He did not want to cry,—had never felt less like crying in his life,—but of a sudden easy, stupid tears trickled down his nose, and with almost an audible click he felt the wheels of his being lock up anew on the world without. Things that rode meaningless on his eyeball an instant before slid into proper proportion. Roads were meant to be walked upon, houses to be lived in, cattle to be driven, fields to be tilled, and men and women to be talked to. They were all real and true—solidly planted upon the feet—perfectly comprehensible—clay of his clay, neither more nor less. He shook himself like a dog with a flea in his ear, and rambled out of the gate. Said the Sahiba, to whom watchful eyes reported this move: 'Let him go. I have done my share. Mother Earth must do the rest. When the Holy One comes back from meditation, tell him.'
There stood an empty bullock-cart on a little knoll half a mile away, with a young banian tree behind—a look-out, as it were, above some new-ploughed levels; and his eyelids, bathed in soft air, grew heavy as he neared it. The ground was good clean dust—no new herbage that, living, is half-way to death already, but the hopeful dust that holds the seed of all life. Kim felt it between his toes, patted it with his palms, and, joint by joint, sighing luxuriously, laid him down full length along in the shadow of the wooden-pinned cart. And Mother Earth was as faithful as the Sahiba. She breathed through him to restore the poise he had lost lying so long on a cot cut off from her good currents. His head lay powerless upon her breast, and his opened hands surrendered to her strength. The races who shoe their feet with iron and the skins of dead animals, who pack boards and concrete between themselves and the clay of their fashioning, do not understand, except when they go camping, how Earth, that gives all the fevers, can also take them away. The many-rooted tree above him, and even the dead man-handled wood beside him, knew what he sought, as he himself did not know. Hour upon hour he lay deeper than sleep. Towards evening, when the dust of returning kine made all the horizons smoke, came the lama and Mahbub Ali, both afoot, walking cautiously, for the house had told them where he had gone.

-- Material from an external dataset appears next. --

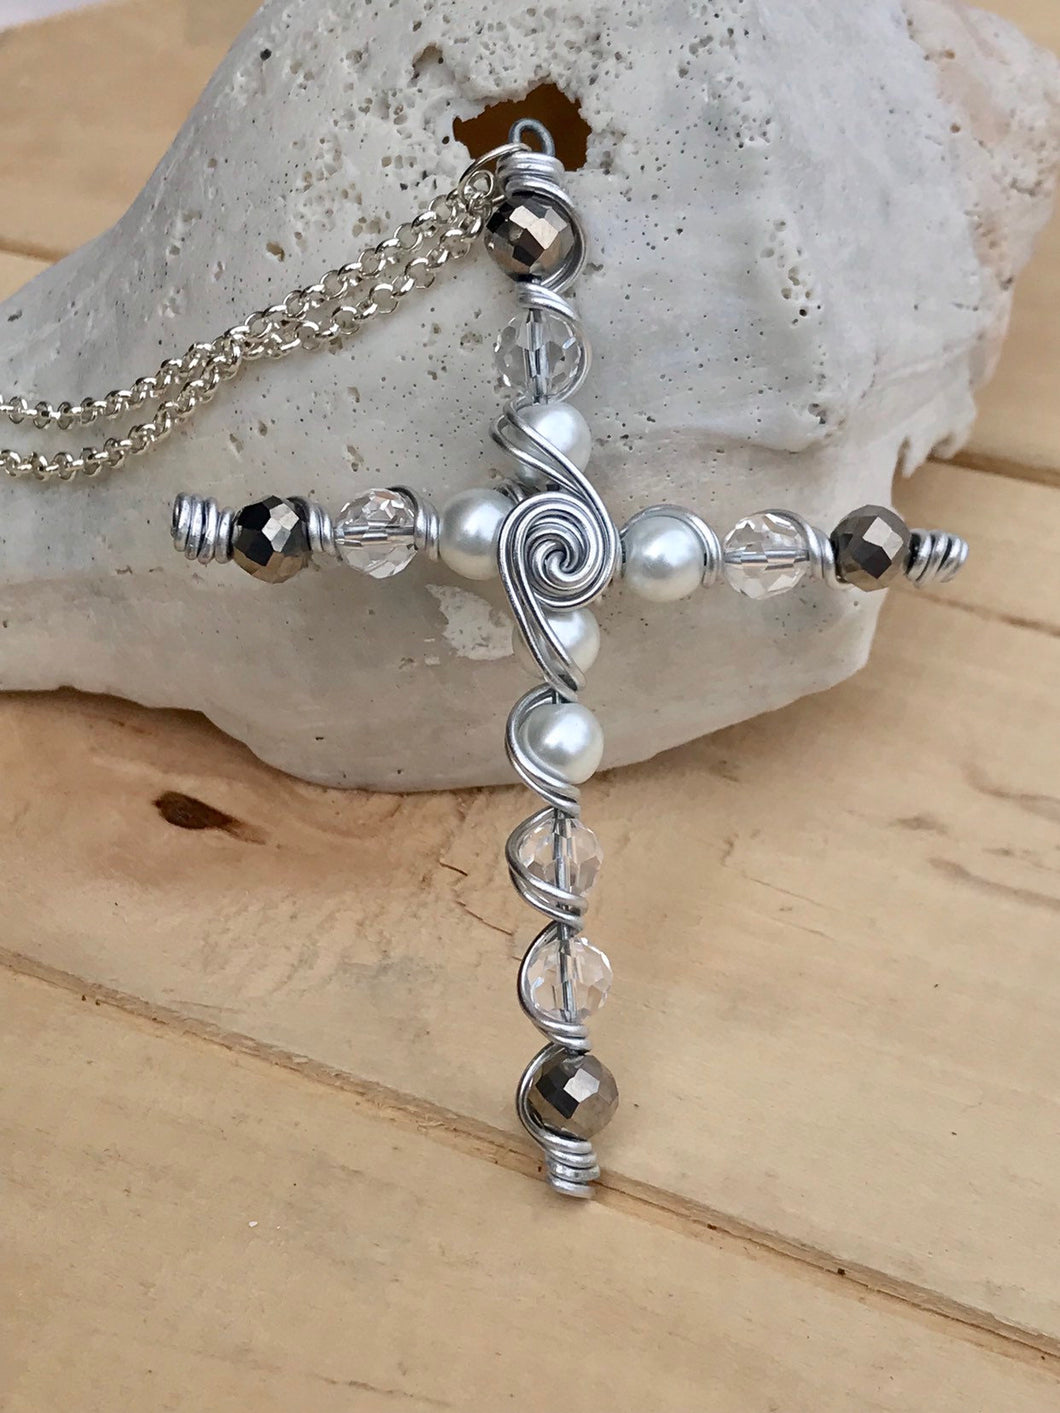 Decorative Large White Pearl and Silver Beaded Cross Necklace

'Allah! What a fool's trick to play in open country,' muttered the horse-dealer. 'He could be shot a hundred times—but this is not the Border.'
'And,' said the lama, repeating a many-times-told tale, 'never was such a chela. Temperate, kindly, wise, of ungrudging disposition, a merry heart upon the road, never forgetting, learned, truthful, courteous. Great is his reward!'
'I know the boy—as I have said.'
'And he was all those things?'
'Some of them—but I have not yet found a Red Hat's charm for making him overly truthful. He has certainly been well nursed.'
'The Sahiba is a heart of gold,' said the lama earnestly. 'She looks upon him as her son.'
'Humph! Half Hind seems that way disposed. I only wished to see that the boy had come to no harm and was a free agent. As thou knowest, he and I were old friends in the first days of your pilgrimage together.'
'That is a bond between us.' The lama sat down. 'We are at the end of the pilgrimage.'
'No thanks to thee thine was not cut off for good and all a week back. I heard what the Sahiba said to thee when we bore thee up on the cot.' Mahbub laughed, and tugged his newly dyed beard.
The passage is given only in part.